The 3rd Combat Helicopter Regiment (3^{e} Régiment d'Hélicoptères de Combat) (3e RHC) is located in Étain with 33 Gazelle, 16 Puma.

==History==

The regiment was created on 1 August 1977. It is located at Base_Lieutenant_Étienne_Mantoux, formerly known as the American occupied Étain Air Base. The regiment is heir by descent of the Aviation Platoon of the 9th Colonial Infantry Division, later transformed into the 3rd, then 23rd Aerial Artillery Observation Group (GAOA). On 3rd RHC's banner inscribed "Indochina 1947–1954", the colors of the ribbon of the Médaille militaire, with the olive-colored ribbon of the Military Cross for overseas operations and six citations.
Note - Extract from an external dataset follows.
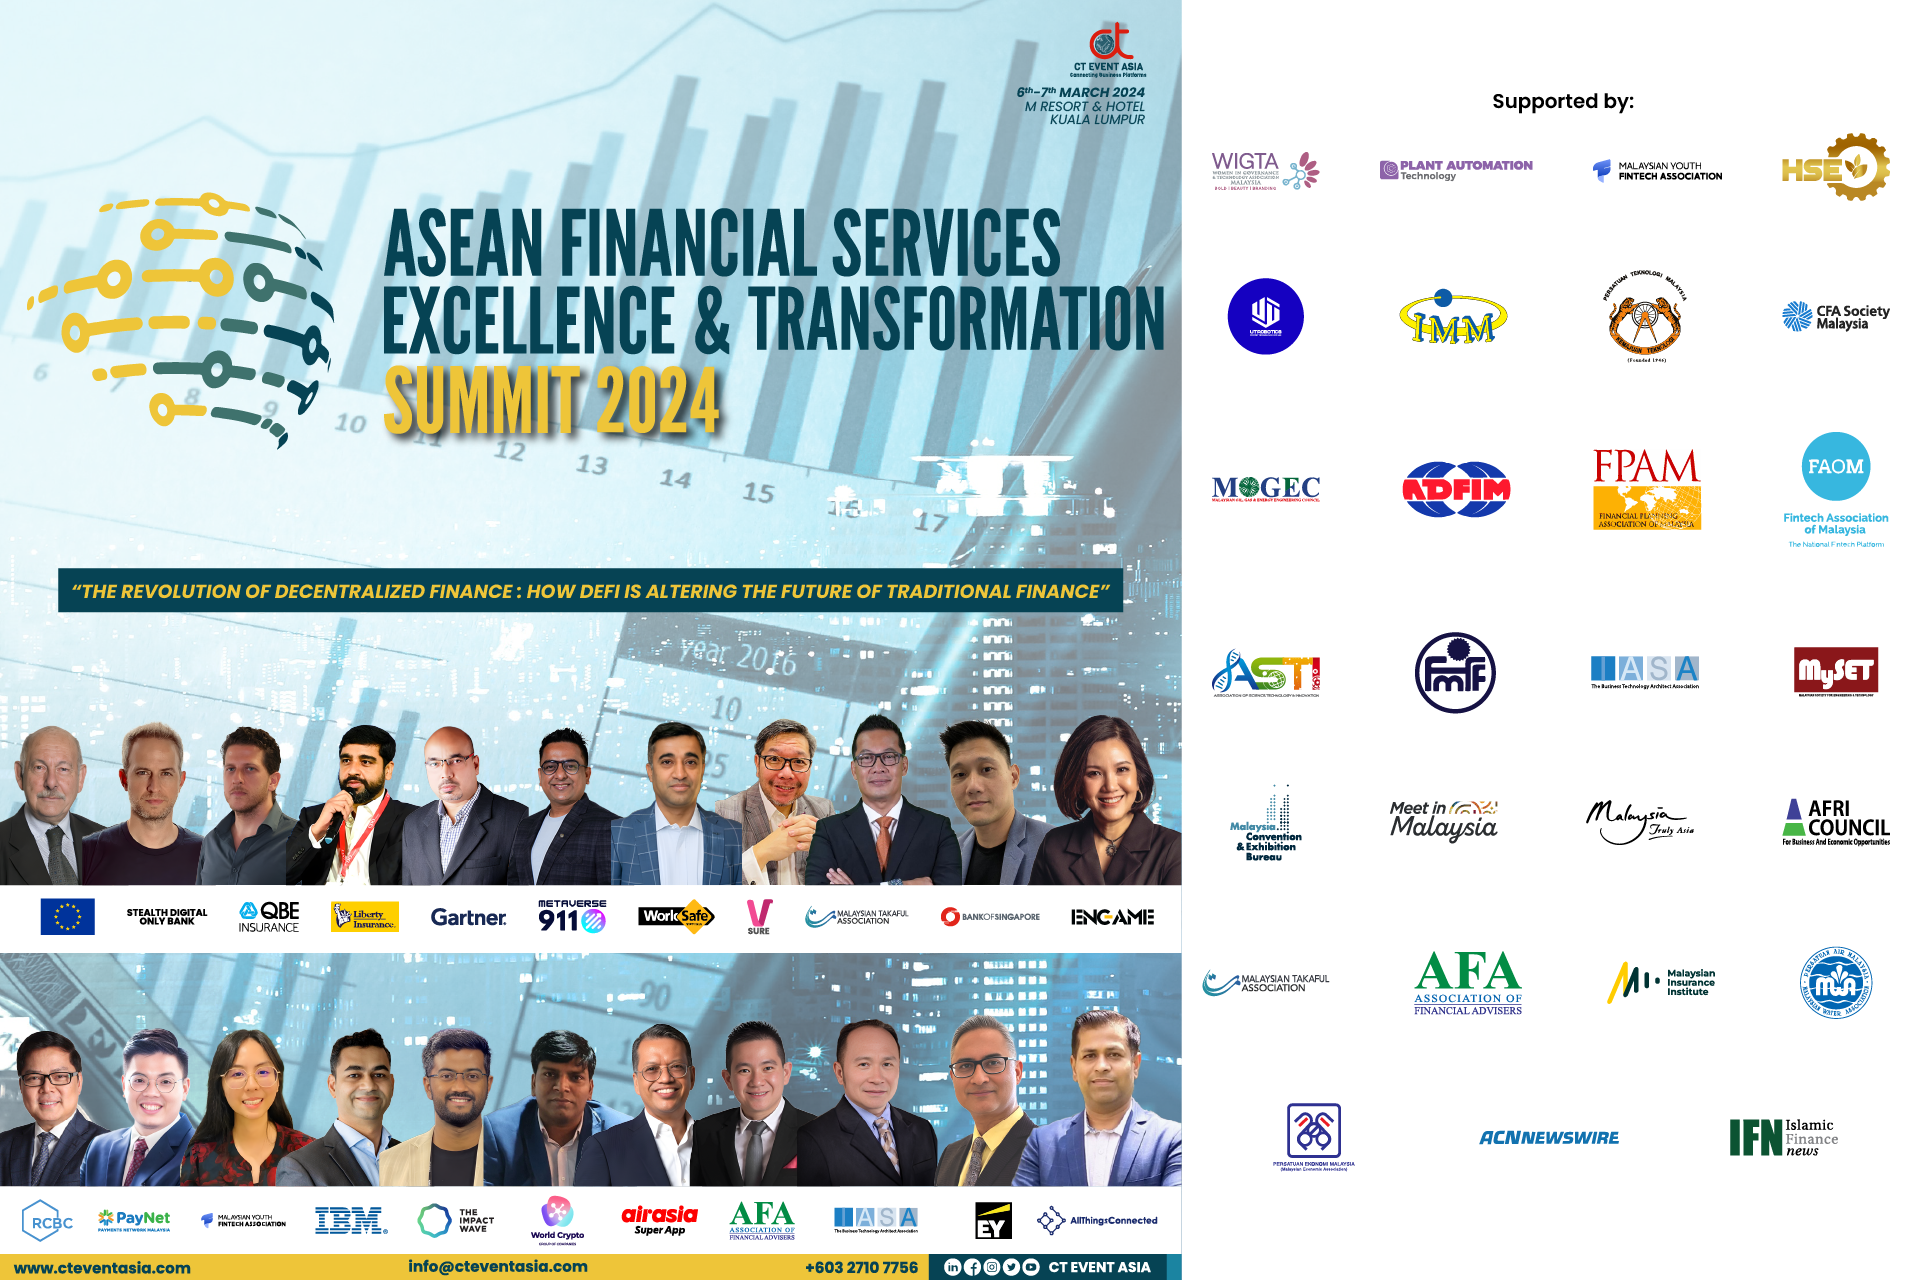 Traditional Finance Faces Revolution as Decentralized Finance Takes Center Stage at ASEAN Summit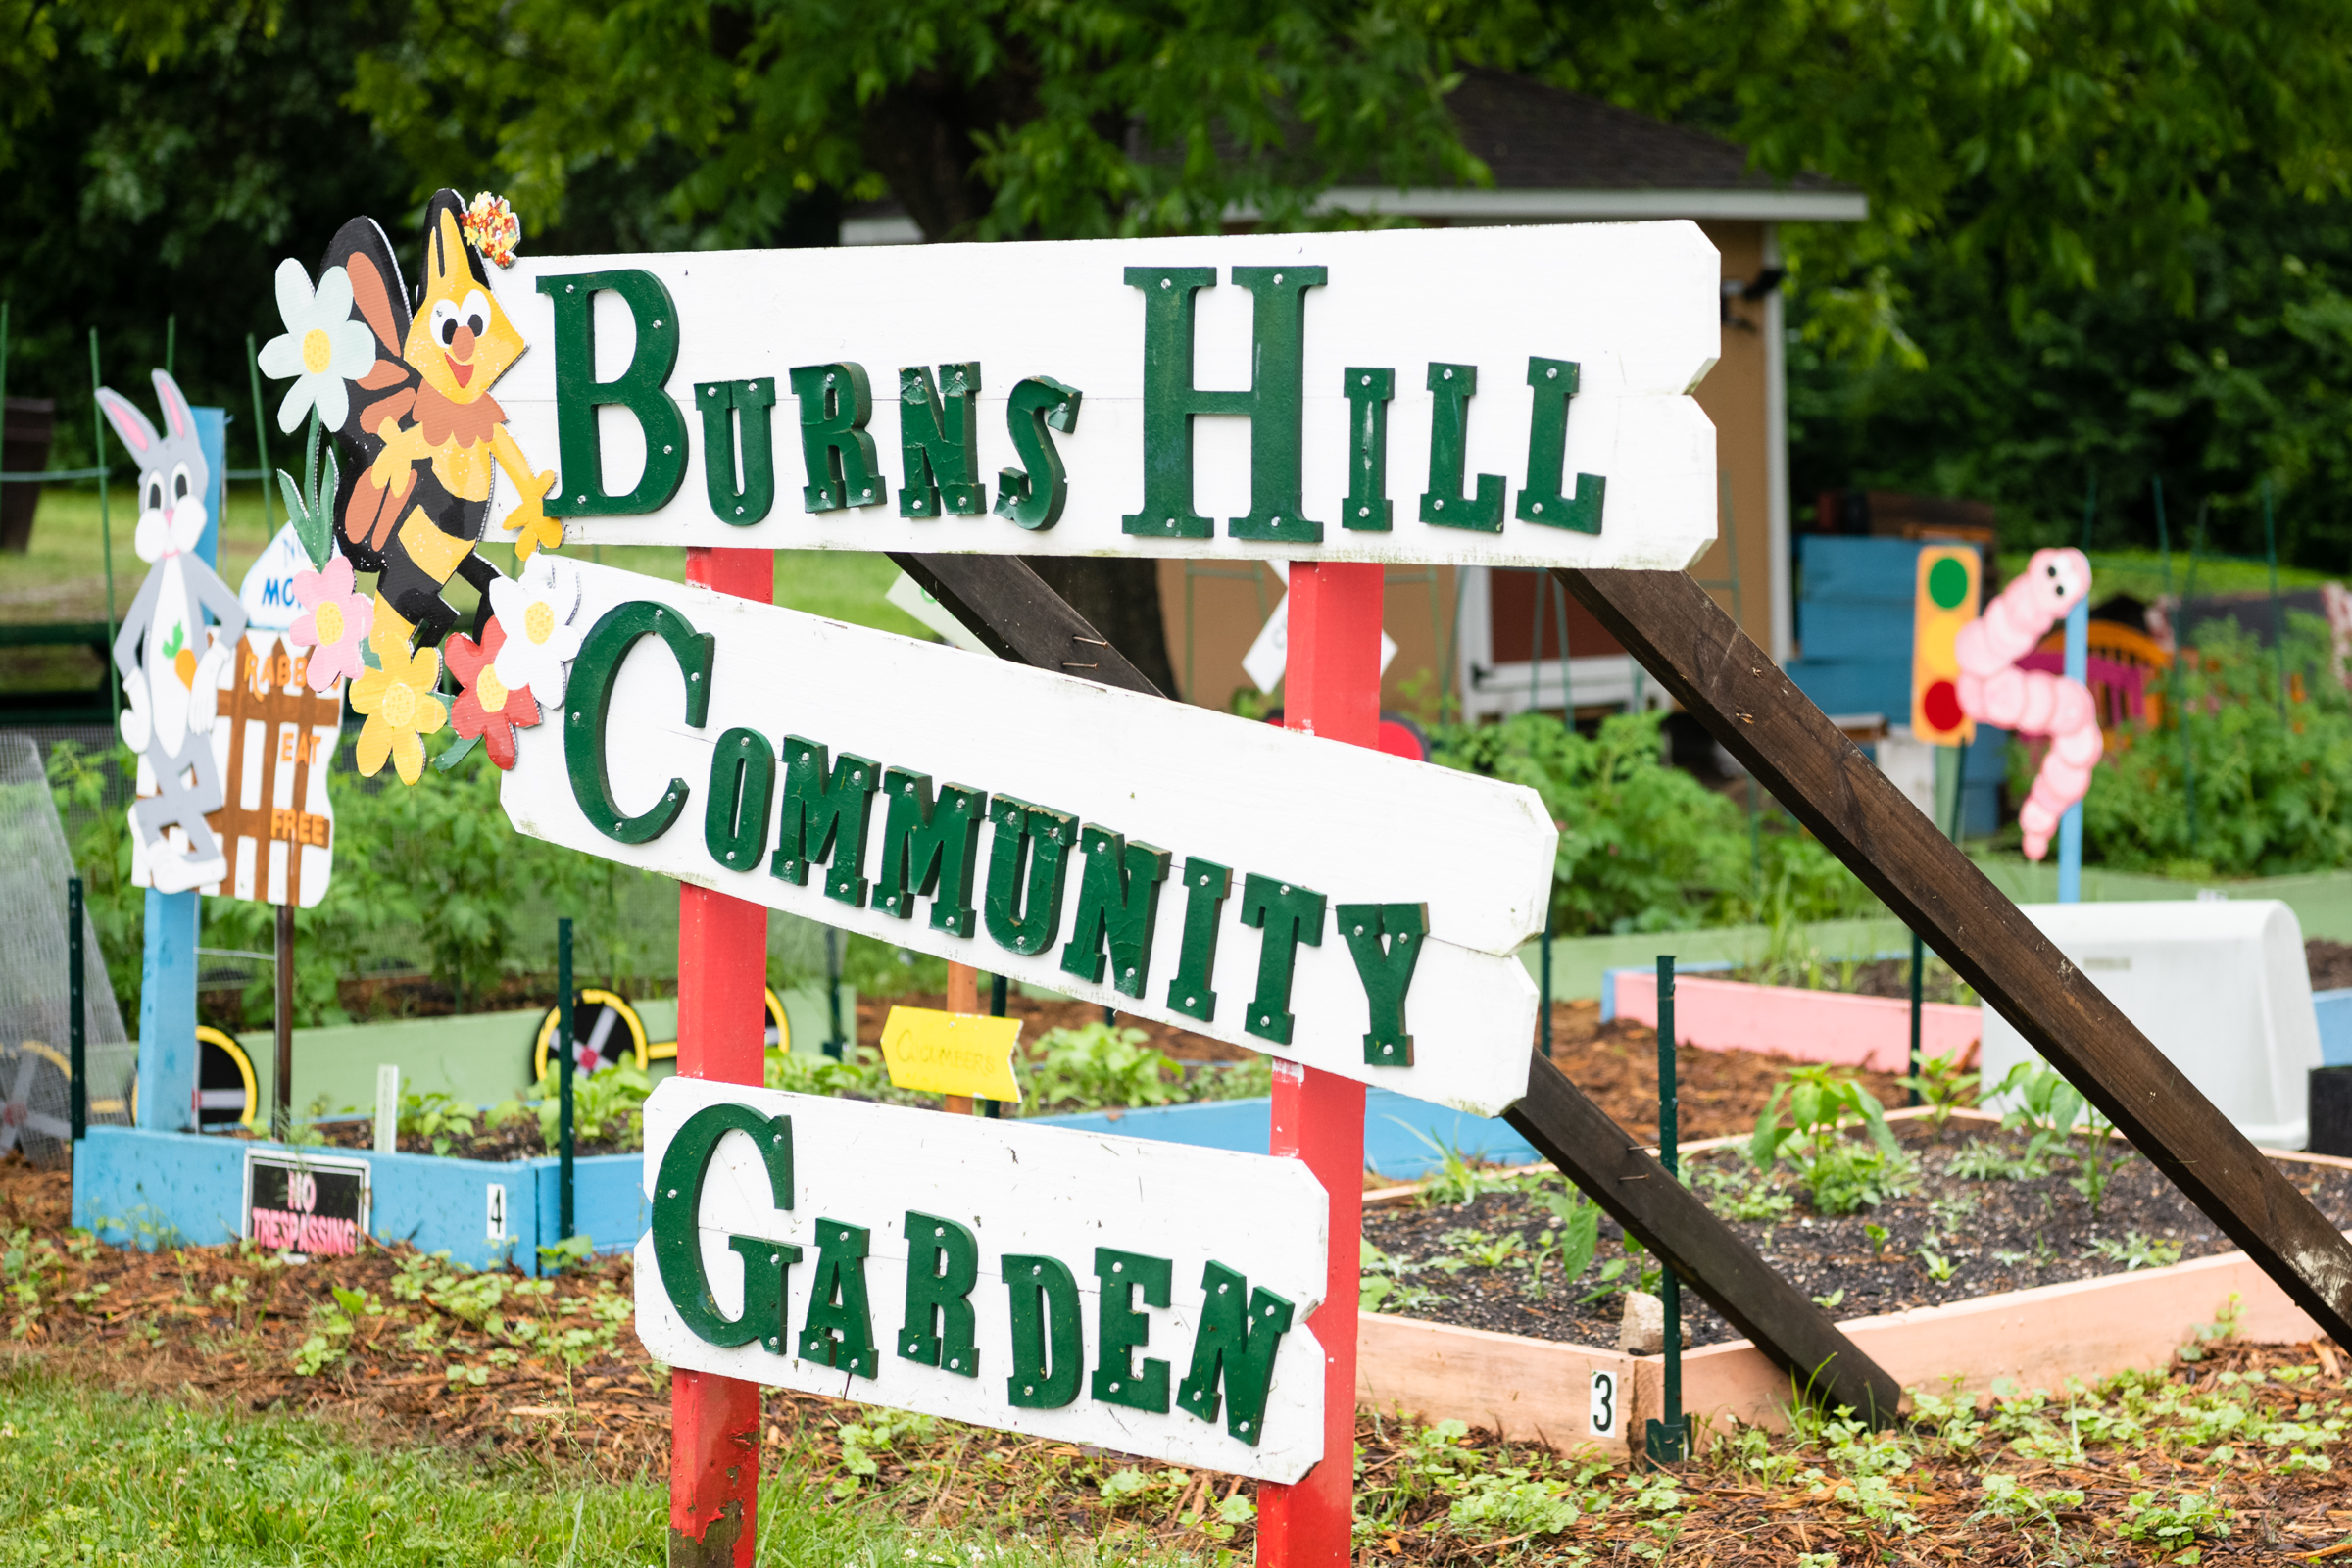 Burns Hill Community Garden is located in High Point, NC and works to combat food insecurity in High Point.

The 23rd GAOA totalled 34,500 flight hours.

==Structure==

Today the regiment consists of 11 squadrons:

- Airmobile Support Battalion (BAA)
  - Command and Logistics Squadron (ECL)
  - Aerodrome Service Squadron (ESA)
  - Defense and Protection Squadron (EDP) (= Reservists)
- Reconnaissance and Attack Helicopter Battalion (BHRA)
  - 3 reconnaissance and attack helicopter squadrons (EHRA 1, 2 and 3)
  - 1 light helicopter maintenance squadron (EMHL)
- Battalion of Maneuver and Assault Helicopters (BHMA)
  - 2 squadrons of maneuvering helicopters (EHM 1 and 2)
  - 1 maneuver helicopter maintenance squadron (EMHM)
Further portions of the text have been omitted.